== Work required ==
Retype, exactly and with nothing added, the lines from the one showing "Los Felix Is" through the final line of the material. Omit pictures.

== Data segment ==
• • •

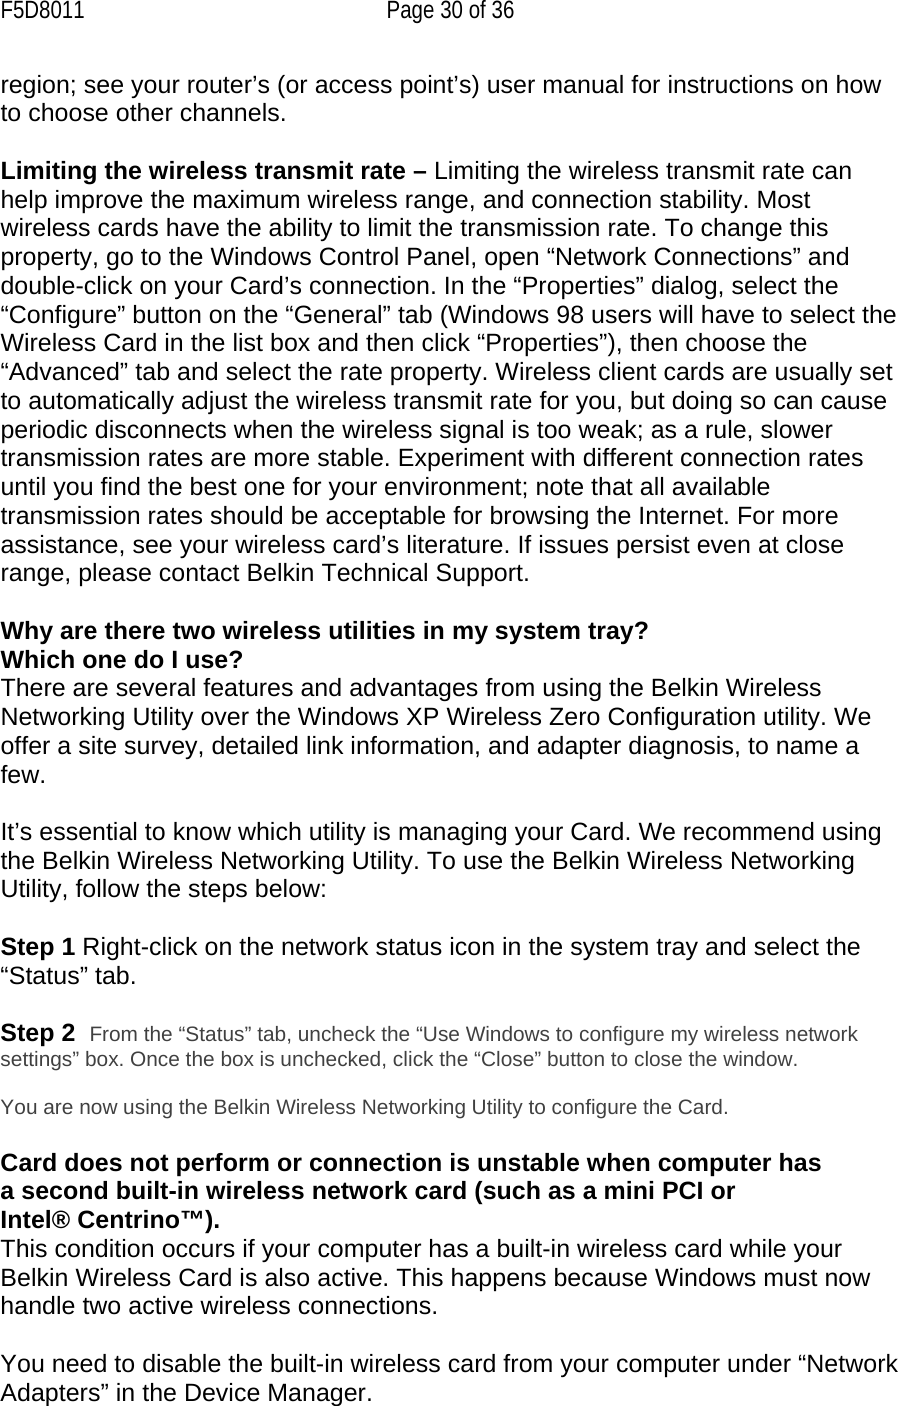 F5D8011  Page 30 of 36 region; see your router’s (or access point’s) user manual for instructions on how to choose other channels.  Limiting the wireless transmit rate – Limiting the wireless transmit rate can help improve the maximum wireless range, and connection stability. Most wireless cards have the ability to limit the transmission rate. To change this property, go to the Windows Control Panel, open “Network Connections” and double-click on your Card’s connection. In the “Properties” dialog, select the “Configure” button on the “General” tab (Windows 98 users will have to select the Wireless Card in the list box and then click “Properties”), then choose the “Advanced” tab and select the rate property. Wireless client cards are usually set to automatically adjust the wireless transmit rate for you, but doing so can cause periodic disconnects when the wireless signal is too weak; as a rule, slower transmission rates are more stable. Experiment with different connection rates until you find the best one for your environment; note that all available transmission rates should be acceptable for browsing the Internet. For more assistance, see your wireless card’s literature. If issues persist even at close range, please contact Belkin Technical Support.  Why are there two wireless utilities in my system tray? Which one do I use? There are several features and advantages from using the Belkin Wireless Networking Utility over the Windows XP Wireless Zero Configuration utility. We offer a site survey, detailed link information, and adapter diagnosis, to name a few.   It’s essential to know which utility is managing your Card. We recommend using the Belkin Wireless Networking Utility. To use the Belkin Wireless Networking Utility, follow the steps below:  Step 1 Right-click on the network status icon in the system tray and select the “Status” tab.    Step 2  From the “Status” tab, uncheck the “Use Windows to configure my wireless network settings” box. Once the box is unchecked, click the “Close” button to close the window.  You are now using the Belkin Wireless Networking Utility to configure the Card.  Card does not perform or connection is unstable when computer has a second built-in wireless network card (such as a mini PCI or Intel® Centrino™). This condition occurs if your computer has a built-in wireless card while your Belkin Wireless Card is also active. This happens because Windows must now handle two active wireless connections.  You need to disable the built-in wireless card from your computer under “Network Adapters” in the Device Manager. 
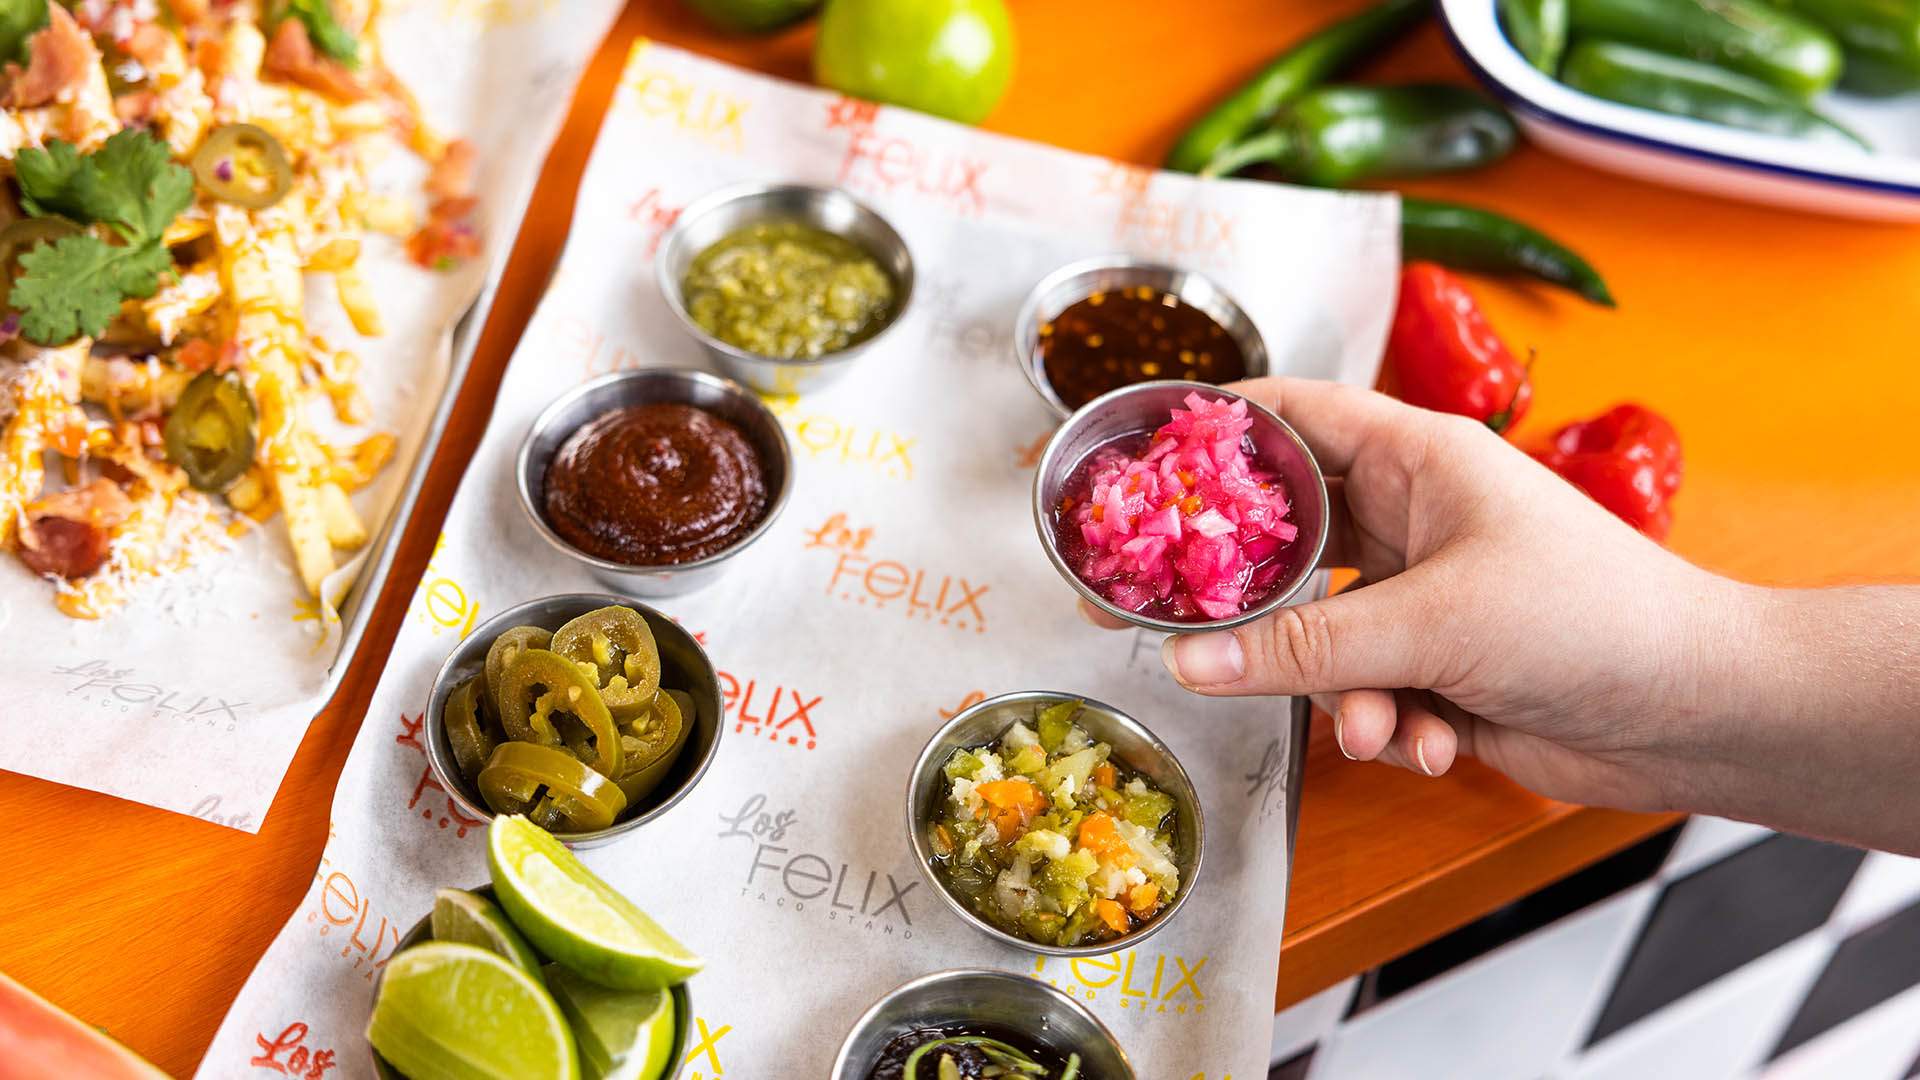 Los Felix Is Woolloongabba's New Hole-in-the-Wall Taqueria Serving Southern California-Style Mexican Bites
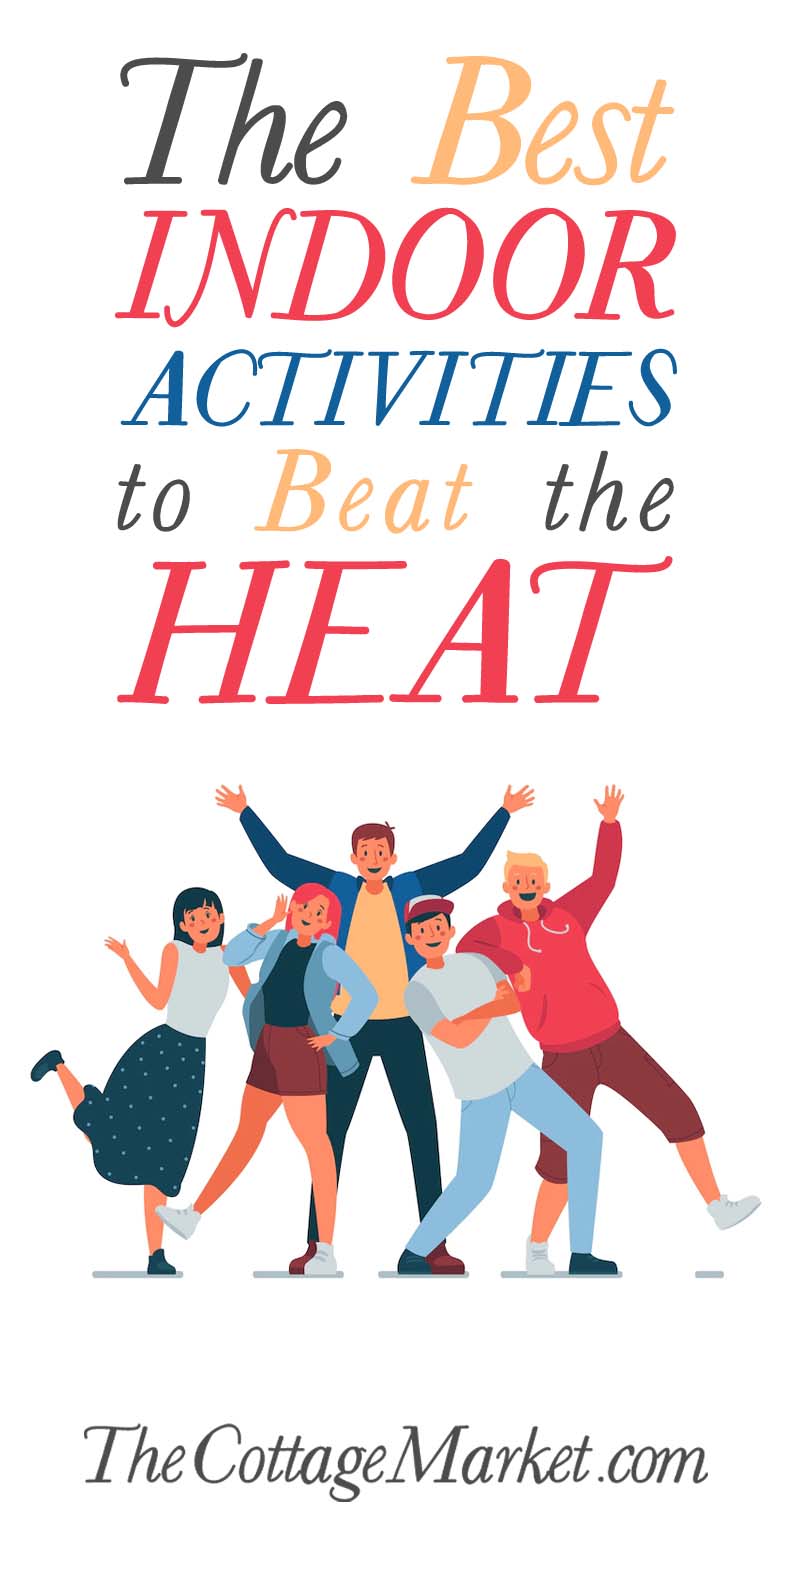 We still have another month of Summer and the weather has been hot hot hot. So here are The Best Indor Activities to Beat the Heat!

• • •

== Result for this exercise ==
 Los Felix Is Woolloongabba's New Hole-in-the-Wall Taqueria Serving Southern California-Style Mexican Bites
 We still have another month of Summer and the weather has been hot hot hot. So here are The Best Indor Activities to Beat the Heat!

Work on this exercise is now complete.